Officiellement, Juanito Pérez Pérez officie en tant que commercial dans une multinationale vendant des produits à destination du secteur médical. Officieusement, il est un tueur répondant au surnom de Numéro Trois. Exécuteur impitoyable, Juanito ne s’est jamais posé trop de questions, mais là, il a envie de faire une pause, genre prendre des vacances avec ses enfants pendant l’été. Ses supérieurs lui ont promis de le laisser tranquille. Ils peuvent bien se le permettre car leur petite entreprise ne connaît pas la crise. Mais les promesses n’engagent que ceux qui les croient (refrain connu).

Sur la route des vacances, Juanito est contacté par ses employeurs. Un contrat de dernière minute à livrer. On le rassure, l’exécution de cette tache ne devrait pas lui coûter trop de temps. Comme pour se faire pardonner, ses supérieurs ont pris sur eux de lui réserver une place dans un camping, à proximité de sa cible. Problème : le camp est réservé aux naturistes et la cible semble être son ex-épouse. Ou alors son nouveau compagnon, un juge à la réputation incorruptible. Pas si sûr. Les informations manquent de clarté et Numéro Trois n’arrive pas à se concentrer lorsqu’il est nu, a fortiori lorsqu’une fille à tomber par terre croise son chemin.

Vous avez aimé Aller simple, vous adorerez Nager sans se mouiller. Derrière cette assertion, évidemment non négociable, se cache un roman au propos beaucoup plus profond qu’il n’y paraît au premier abord. L’auteur ne craint pas la surenchère, on le sait. Il s’en donne une nouvelle fois à cœur joie, multipliant les enchaînements rocambolesques et les situations invraisemblables. Tout ceci n’est pas sans rappeler un certain Marc Behm et, malgré la coloration abracadabrante de l’ensemble, on plonge, surpris plus d’une fois, le sourire aux lèvres.
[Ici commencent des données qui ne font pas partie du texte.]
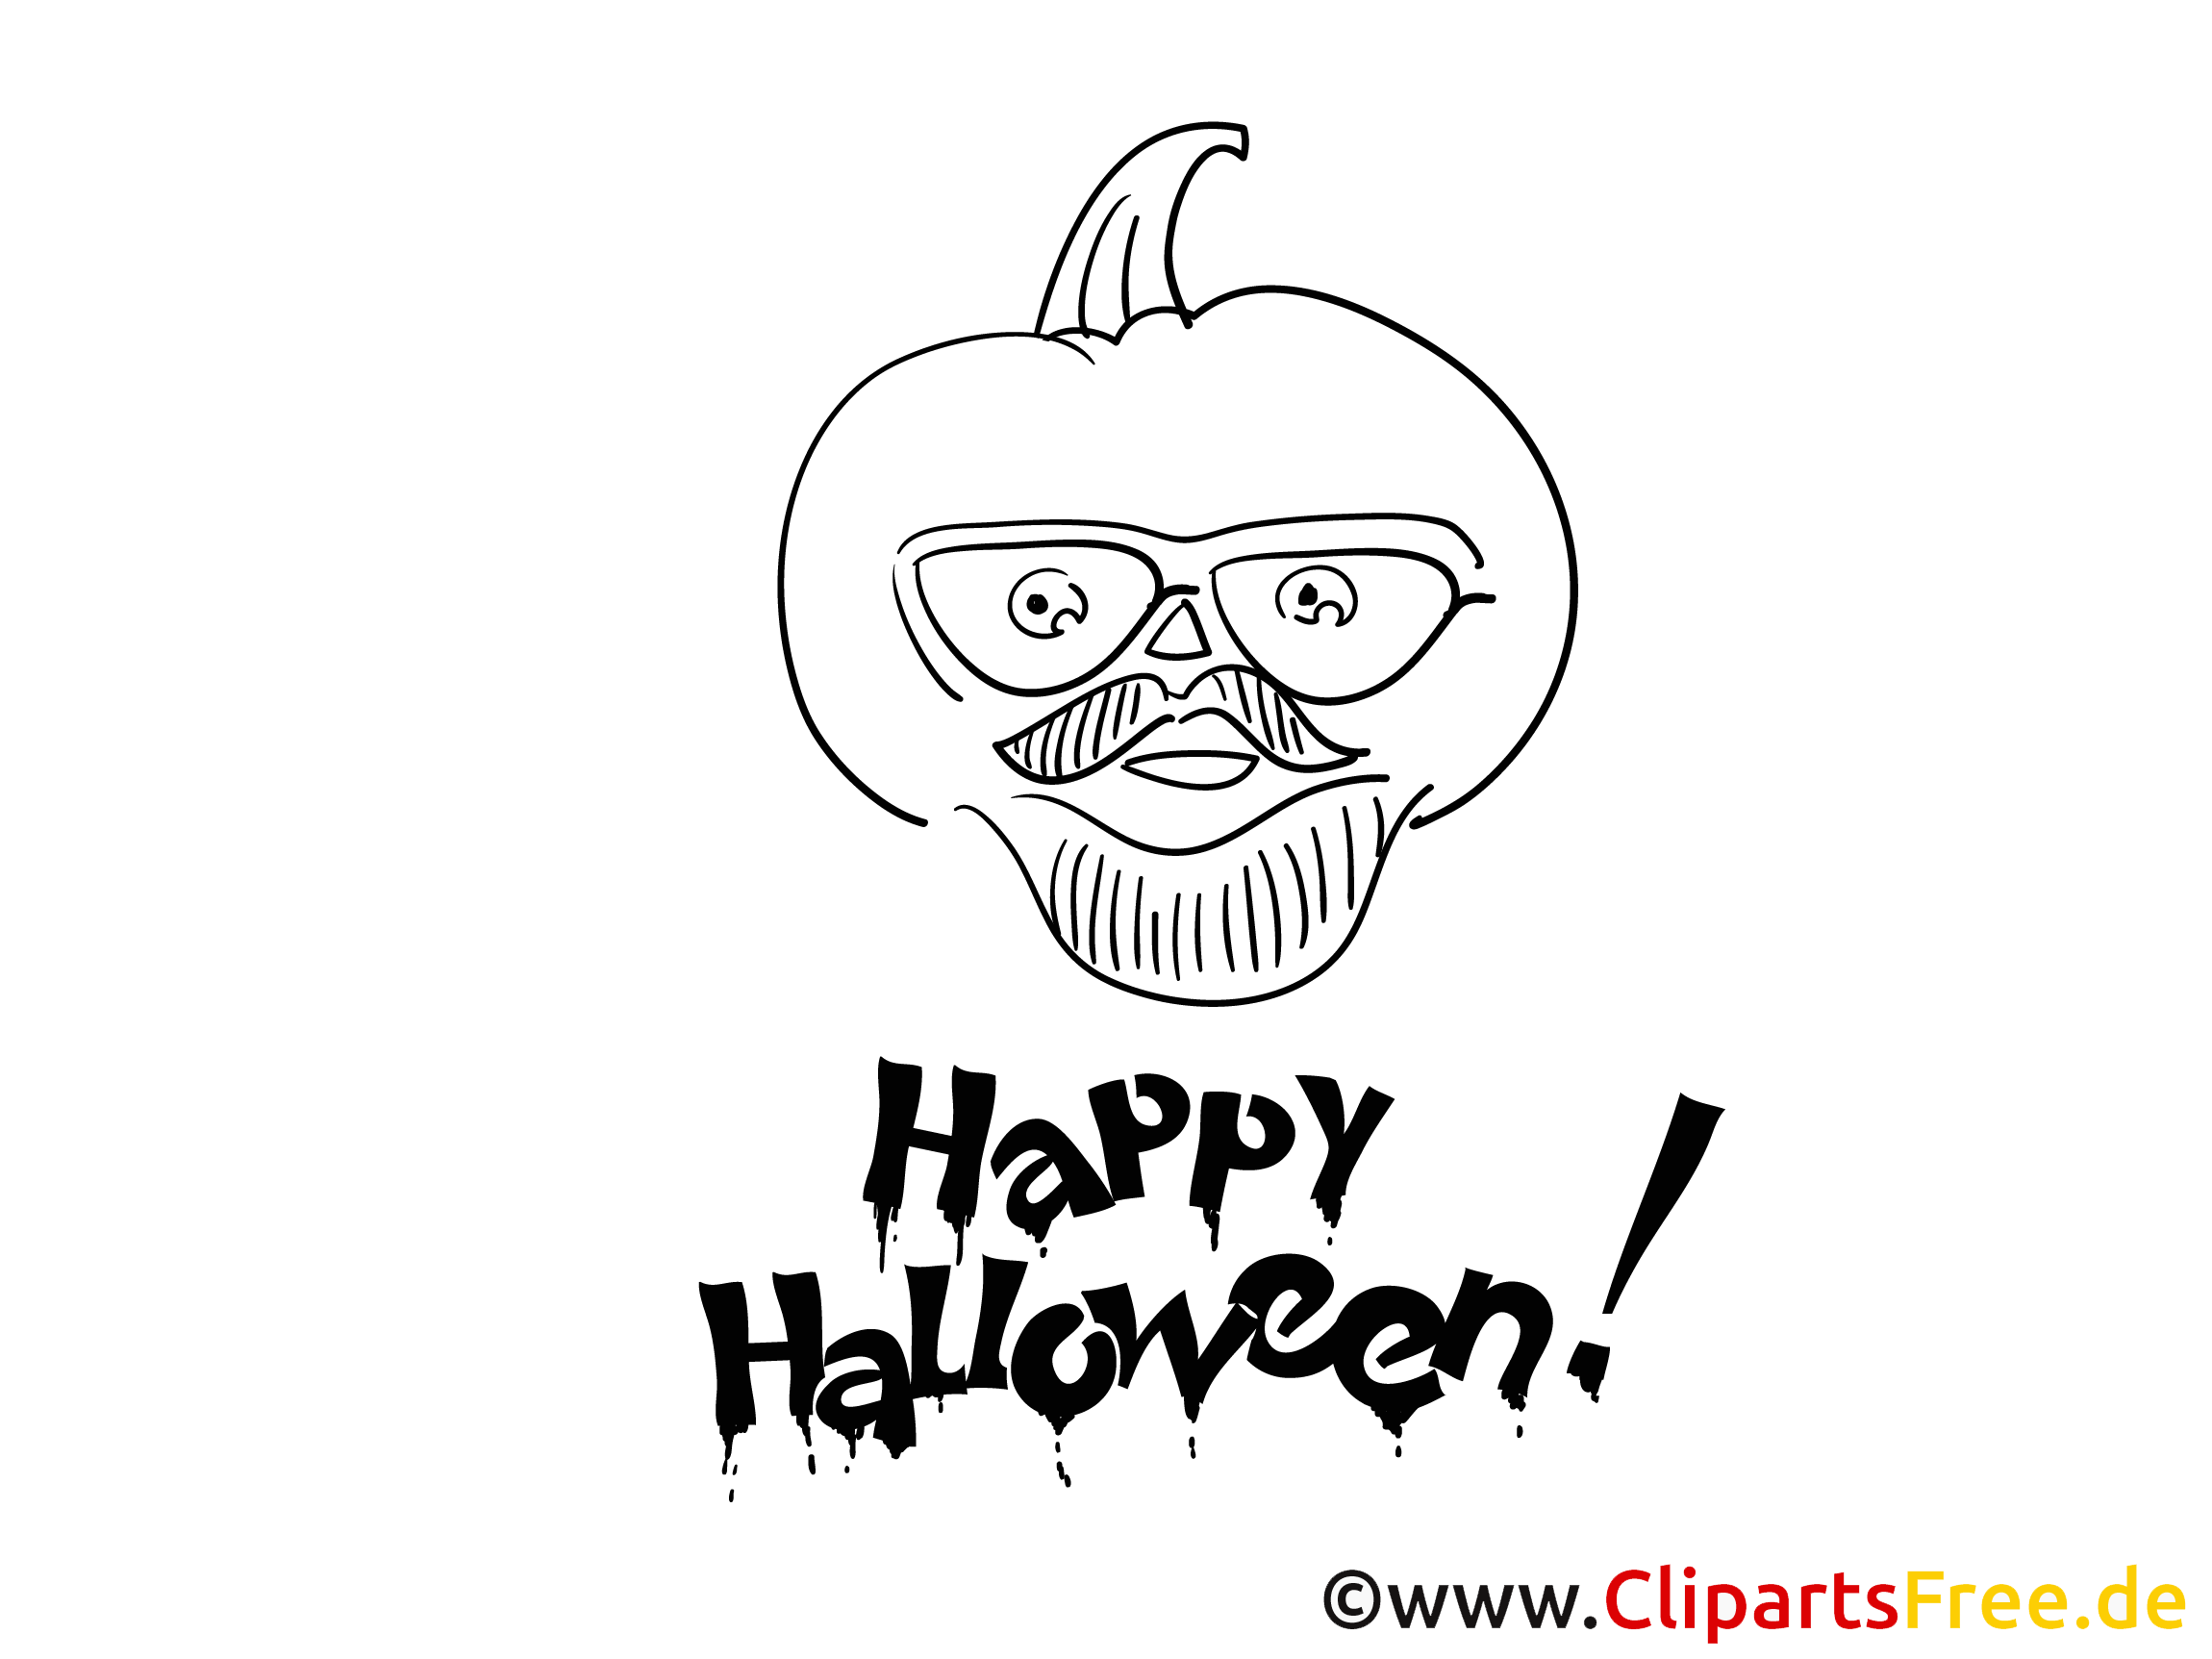 Malvorlage für Erwachsene zu Halloween

Au-delà de l’aspect déjanté de l’intrigue, le propos de Carlos Salem s’attache à des questions plus existentielles. Il vire carrément à l’introspection, se teintant même d’existentialisme. Autant le dire tout de suite, l’auteur hispanique se fiche comme d’une guigne des codes du genre. Pas de bien ou de mal dans ce roman. Point de suspense haletant, de tueur implacable ou de policier incorruptible (ou son contraire, c’est tendance). Les adeptes du thriller en seront pour leurs frais. Numéro Trois laisse tomber tous les fondamentaux de son métier, pour se consacrer à lui-même et à son entourage. Fraternisant avec l’amant de son ex, trinquant, à découvert, avec le policier qui le traque, redécouvrant ses enfants, il laisse peu à peu tomber le masque et jette un regard critique sur son passé. Chemin faisant, il toise également les faux-semblants de notre société, une communauté dans laquelle le paraître revêt plus d’importance que l’être.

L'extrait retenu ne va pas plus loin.